- Interactive map of Murarai I
- Coordinates: 24°22′37″N 87°51′04″E﻿ / ﻿24.376889°N 87.851111°E
- Country: India
- State: West Bengal
- District: Birbhum
- Parliamentary constituency: Birbhum
- Assembly constituency: Murarai

Area
- • Total: 175.51 km^{2} (67.76 sq mi)

Population (2011)
- • Total: 190,802
- • Density: 1,087.1/km^{2} (2,815.7/sq mi)
- Time zone: UTC+5.30 (IST)
- PIN: 731219 (Murarai)
- Telephone/STD code: 03465
- Literacy Rate: 55.67 per cent
- Website: http://birbhum.nic.in/

= Murarai I =

Murarai I is a community development block that forms an administrative division in Rampurhat subdivision of Birbhum district in the Indian state of West Bengal.

==Overview==
Birbhum district is physiographically a part of the ancient Rarh region. The western portion of the district is basically an extension of the Chota Nagpur Plateau. The area has mostly loose reddish lateritic low fertility soil. In the east, the flood plains of the major rivers, such as the Ajay, Bakreshwar, Mayurakshi and Brahmani, have soft alluvial soil. The forest cover is only 3.5% of the total district. Although coal is found in the district and Bakreshwar Thermal Power Station has a capacity of 2,010 MW, the economic condition of Birbhum is dominated by agriculture. From 1977 onwards majorland reforms took place in West Bengal. Land in excess of land ceiling was acquired and distributed amongst the peasants. In Birbhum district, 19,968 hectares of vested agricultural land has been distributed amongst 161,515 beneficiaries, till 2011. However, more than 38% of the operational land holding is marginal or less than 1 acre. The proportion of agricultural labourers amongst total workers in Birbhum district is 45.9%, the highest amongst all districts of West Bengal. Culturally rich Birbhum, with such traditional landmarks as Jaydev Kenduli and Chandidas Nanoor, is home to Visva-Bharati University at Santiniketan, having close association with two Nobel laureates – Rabindranath Tagore and Amartya Sen.

==Geography==

Map of Birbhum district showing community development block and municipal areas. Click on the map to view a larger version.

Chatra, a constituent panchayat of Murarai I block, is located at .

Murarai I Block is part of the Nalhati Plain, one of the four sub-micro physiographic regions occupying the northern portion of Birbhum district. There are hills along the western boundary with Jharkhand. These are extensions of the Rajmahal hills.
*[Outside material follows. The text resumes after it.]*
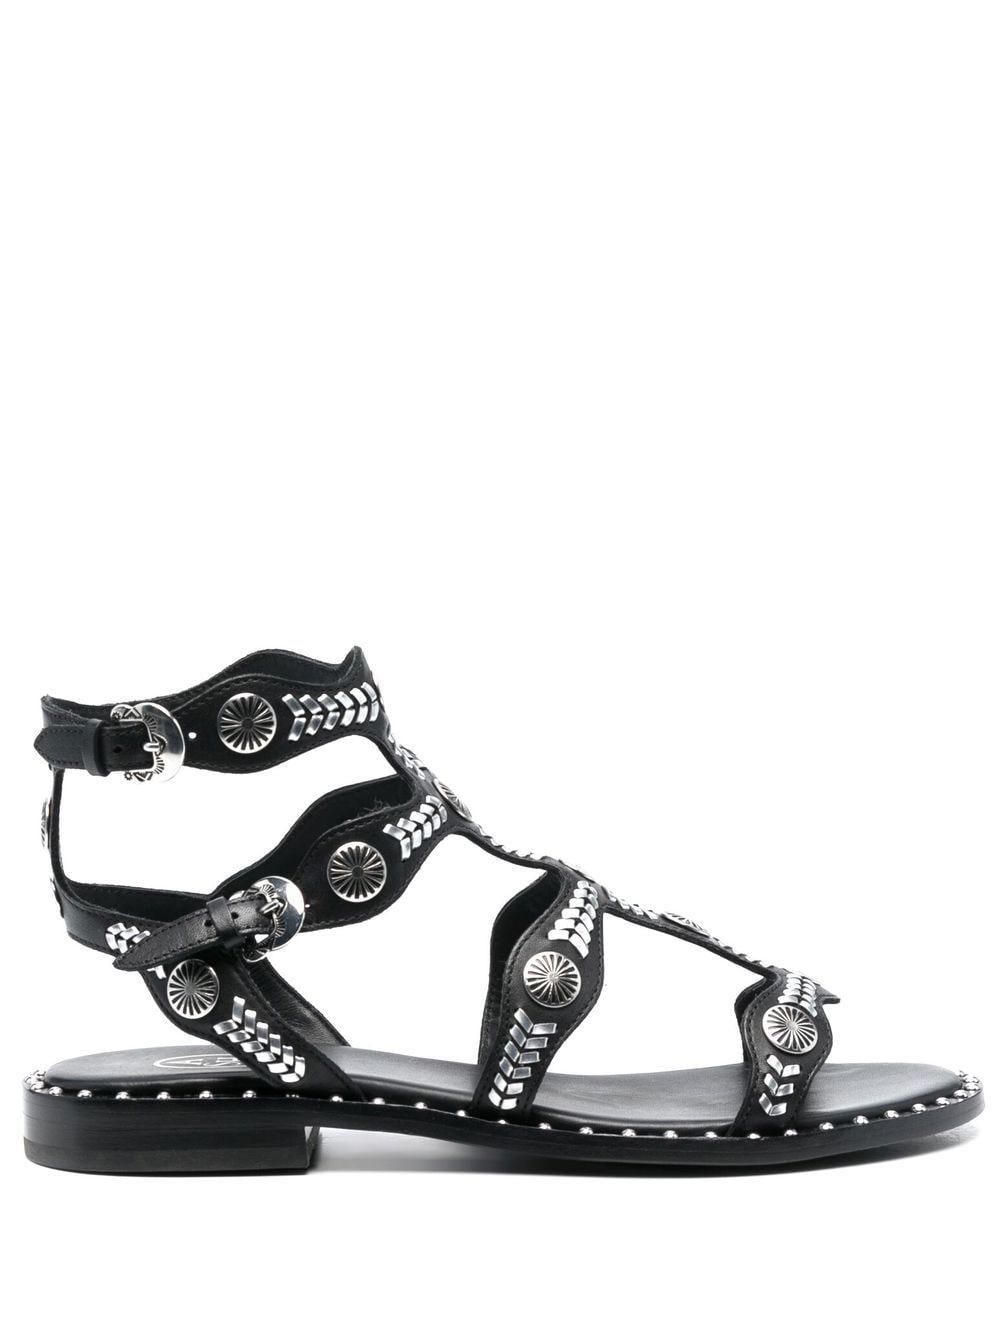 Ash Pacha Stud-embellished Sandals in Black | Lyst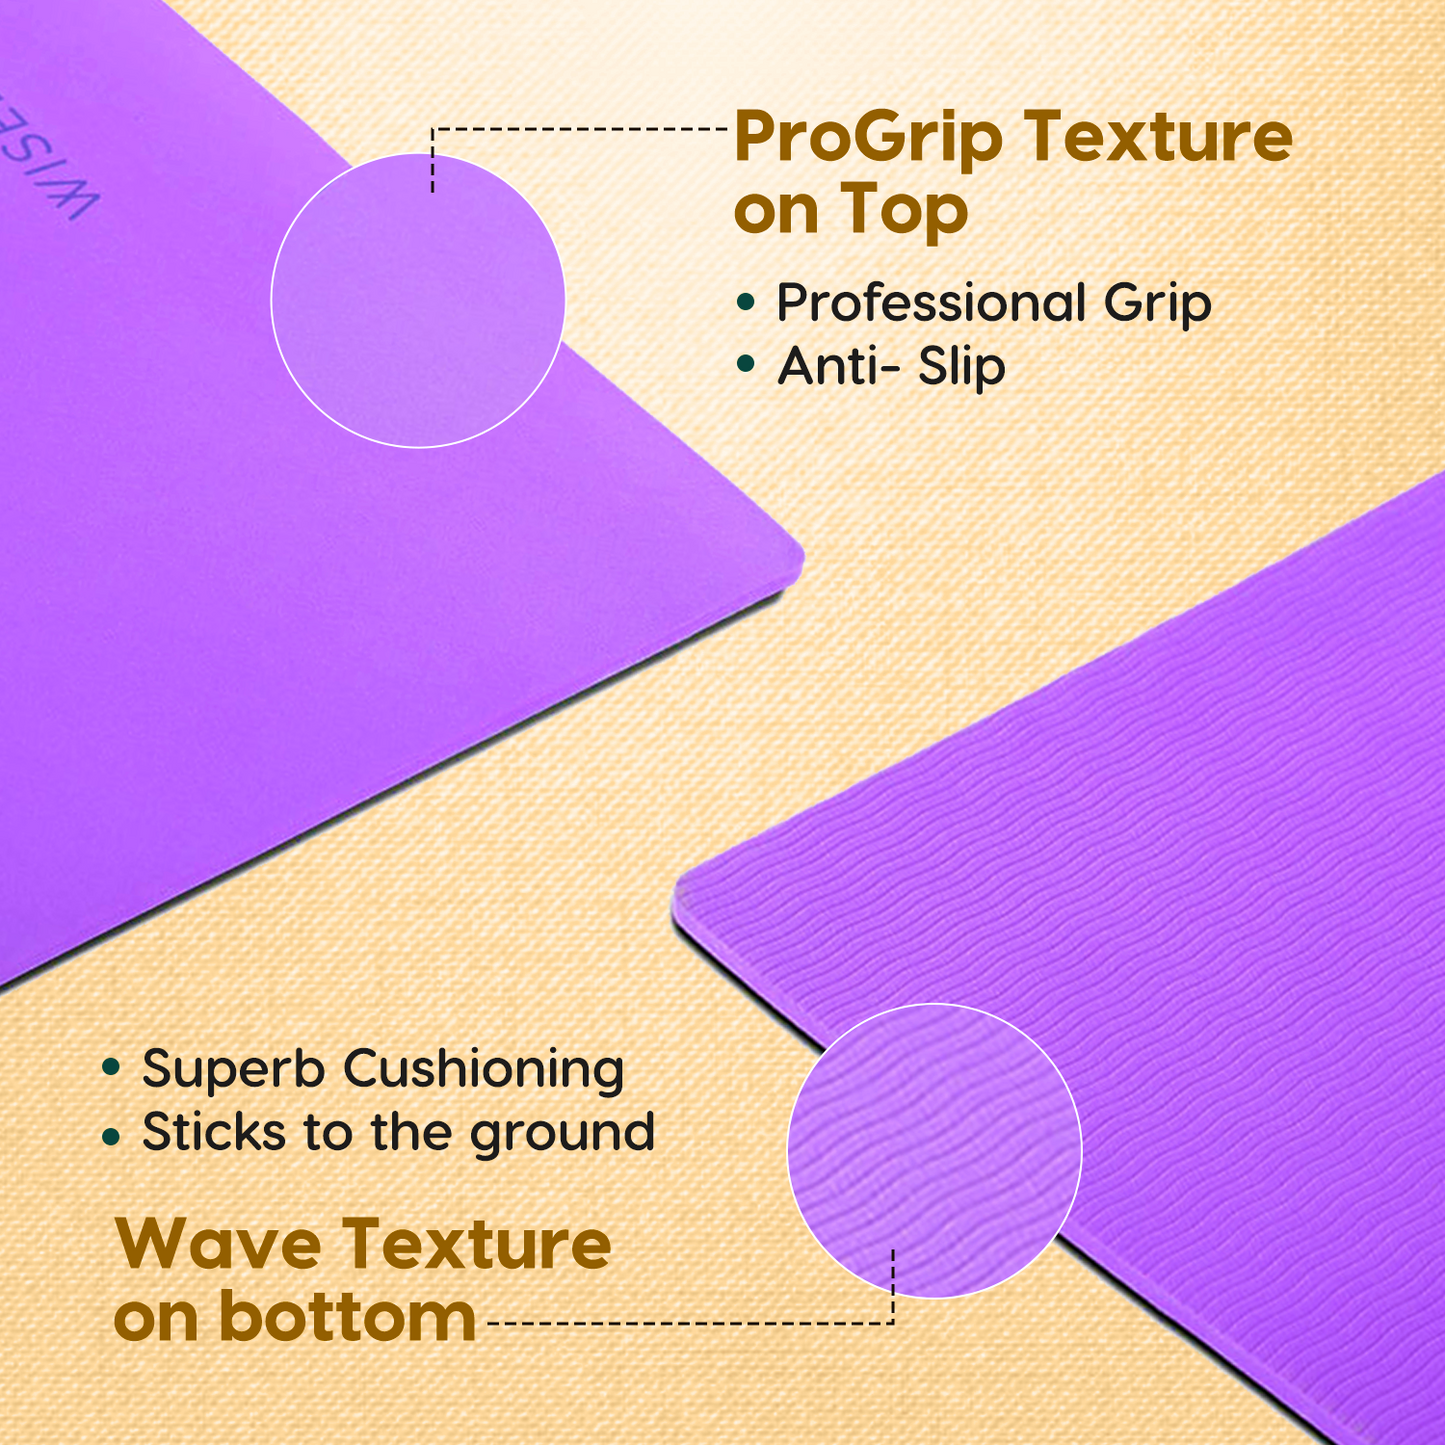 Purpose Printed Yoga Mat - Lilac Purple (6MM)

Murarai I CD Block is bounded by Pakur CD Block, in Pakur district of Jharkhand, on the north, Murarai II CD Block on the east, Nalhati I CD Block on the south and Maheshpur CD Block in Pakur district of Jharkhand on the west.

Murarai I CD Block has an area of 175.51 km^{2}. It has 1 panchayat samity, 7 gram panchayats, 87 gram sansads (village councils), 85 mouzas and 80 inhabited villages, as per the District Statistical Handbook, Birbhum, 2008. Murarai police station serves this block. The headquarters of this CD Block is at Murarai.

The gram panchayats of Murarai I block/panchayat samiti are: Chatra, Dumurgram, Gorsha, Mohurapur, Murarai, Palsa and Rajgram.

==Demographics==
===Population===
As per the 2011 Census of India, Murarai I CD Block had a total population of 190,802, of which 167,941 were rural and 22,861 were urban. here were 97,510 (51%) males and 93,292 (49%) females. Population below 6 years was 30,514. Scheduled Castes numbered 46,932 (24.60%) and Scheduled Tribes numbered 8,708 (4.56%).

As per 2001 census, Murarai I block had a total population of 154,282, out of which 79,193 were males and 75,087 were females. Murarai I block registered a population growth of 25.90 per cent during the 1991-2001 decade. Decadal growth for Birbhum district was 17.88 per cent. Decadal growth in West Bengal was 17.84 per cent.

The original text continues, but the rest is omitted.